Ever been on a project that’s taking on water, but nobody seems to be willing to listen? Ever had any critically important topics not discussed because they are simply taboo and unmentionable? It is not fun – and little breakthrough thinking or innovation can exist without participation safety and decision influence. When a team has a high level of participation safety, members feel safe to share ideas, raise unpopular views or opinions, or speak their truth to one another. This reduces groupthink and social loafing, encourages breakthrough and can lead a collaborative team and a collaborative organisational culture. There are countless case studies of major disasters (such as the Deepwater Horizon Oil Spill), where a culture of “only tell me the good news” prevented critical information from being raised that could have averted the issue. In fact ‘communication’ (or lack of it) is probably the most commonly cited project failure factor.

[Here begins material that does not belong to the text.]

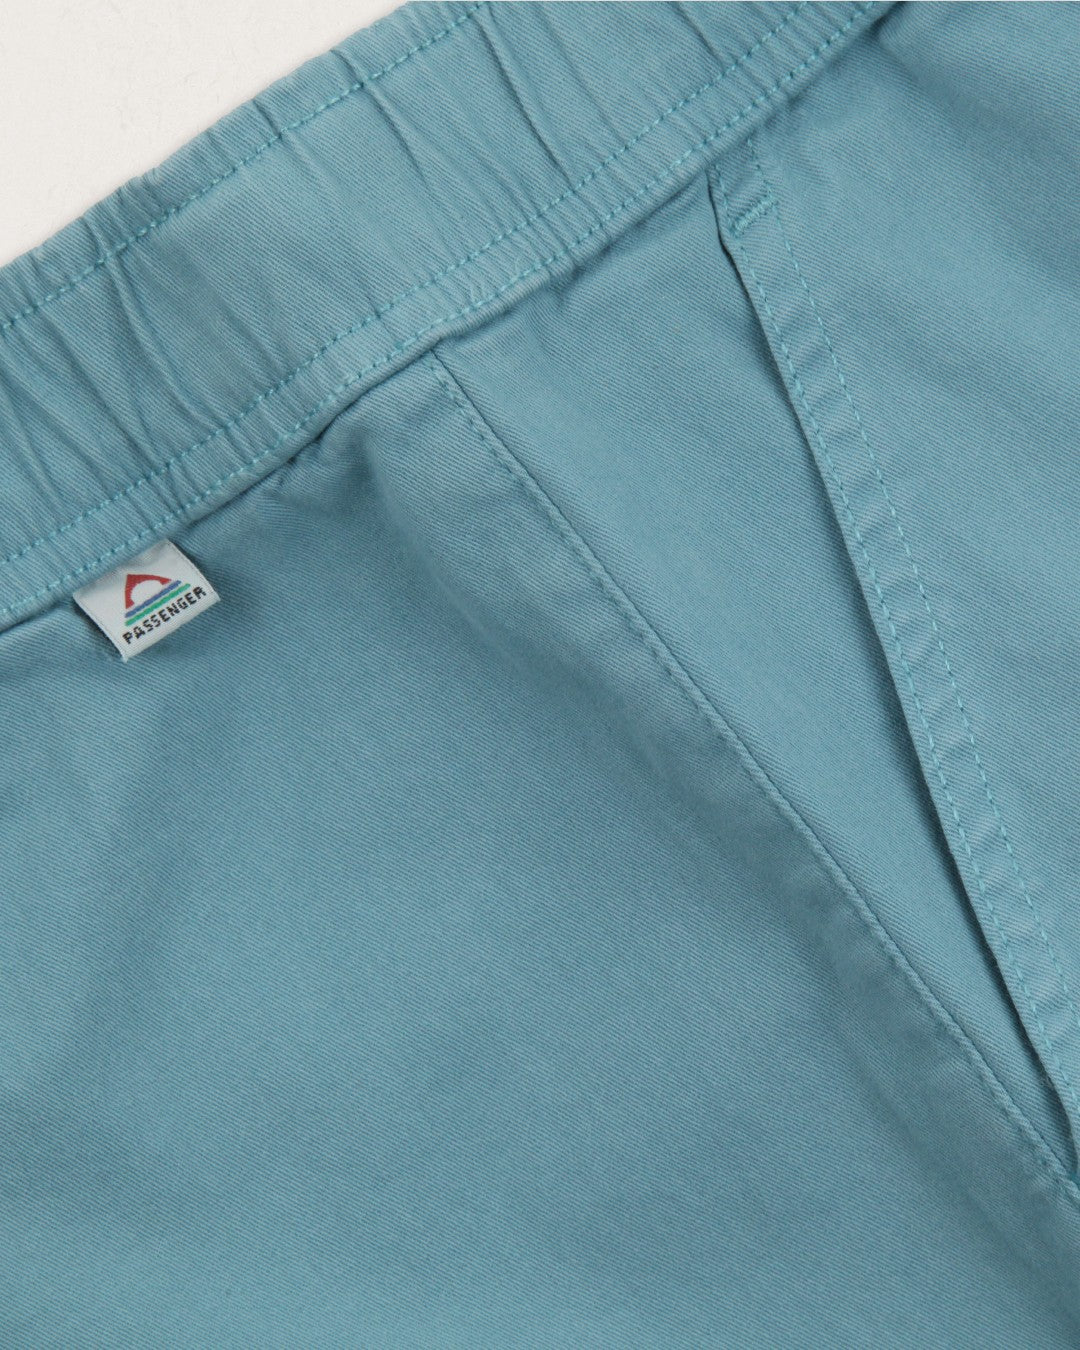 Buy Ocean Blue Power Stretch Pants For Men Online In India
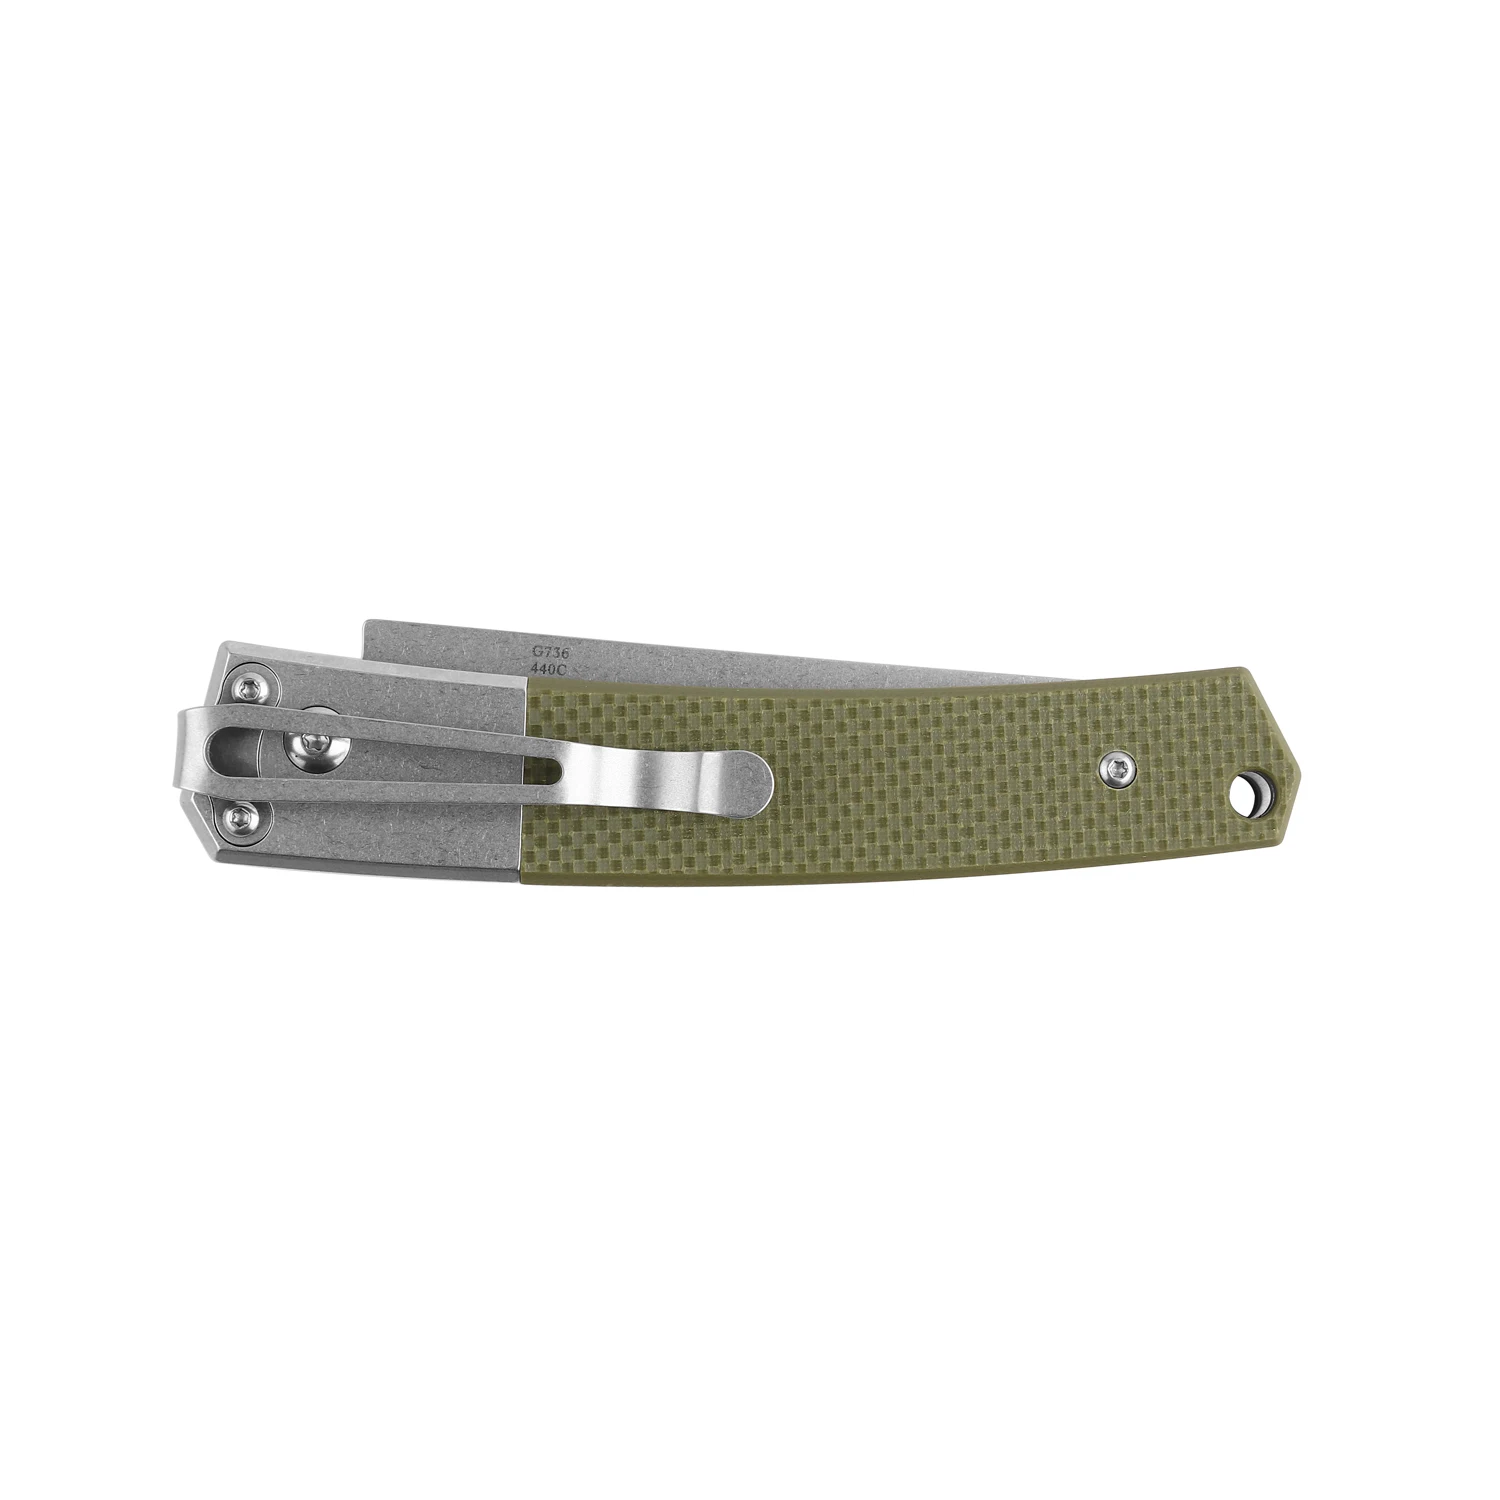 Ganzo-cuchillo plegable con mango G7362 F7362 58-60HRC 440C G10, herramienta de supervivencia al aire libre, campamento, cuchillo de bolsillo de caza edc

Having said all that, while participation safety is critical, the ideas that team members put forward need to influence the direction and outcome of the team. A manager who says “my door is always open”, but then ignores feedback creates dissonance among team members because what is espoused is not practiced. The simple facts of the matter is that a key element for peak performance is to provide an environment safe enough for team members to speak their truths, to be rewarded for doing so and for truth telling to actually influence direction.

Enabling Technology

Technology underpins all aspects of organisational systems and projects and provides the means to generate leaps in performance and capabilities of users, as more broadly, team and organisational productivity. Technology at its best facilitates the delivery of timely, relevant information for decision making, co-ordination and collaboration. Thus it is critical that technology does not get in the way of delivering value. How often have you worked on a project when you have been forced to use technologies that stifle productivity, create frustration and reduce collaboration between team members? How often has that technology been SharePoint?

Enabling Process

How often have you said to yourself “I can’t believe I have to follow this braindead process.” Process is the glue that provides the rules of behaviour in delivering on goals and like technology, underpins all aspects of organisational systems and projects and is a key part of performance and productivity. It is critical that process, like technology, is always driven by purpose and that it does not get in the way of delivering value. Inappropriate process can make a huge difference in how team members interact with stakeholders and each-other.

Enabling Resources

Enabling resources is concerned with the financial, material and human input necessary to develop and sustain delivery of services. Put simply, even the best teams with the most compelling direction can falter if they are under-resourced. It is critical that sufficient funds, staff, materials and time are provided to get the job done.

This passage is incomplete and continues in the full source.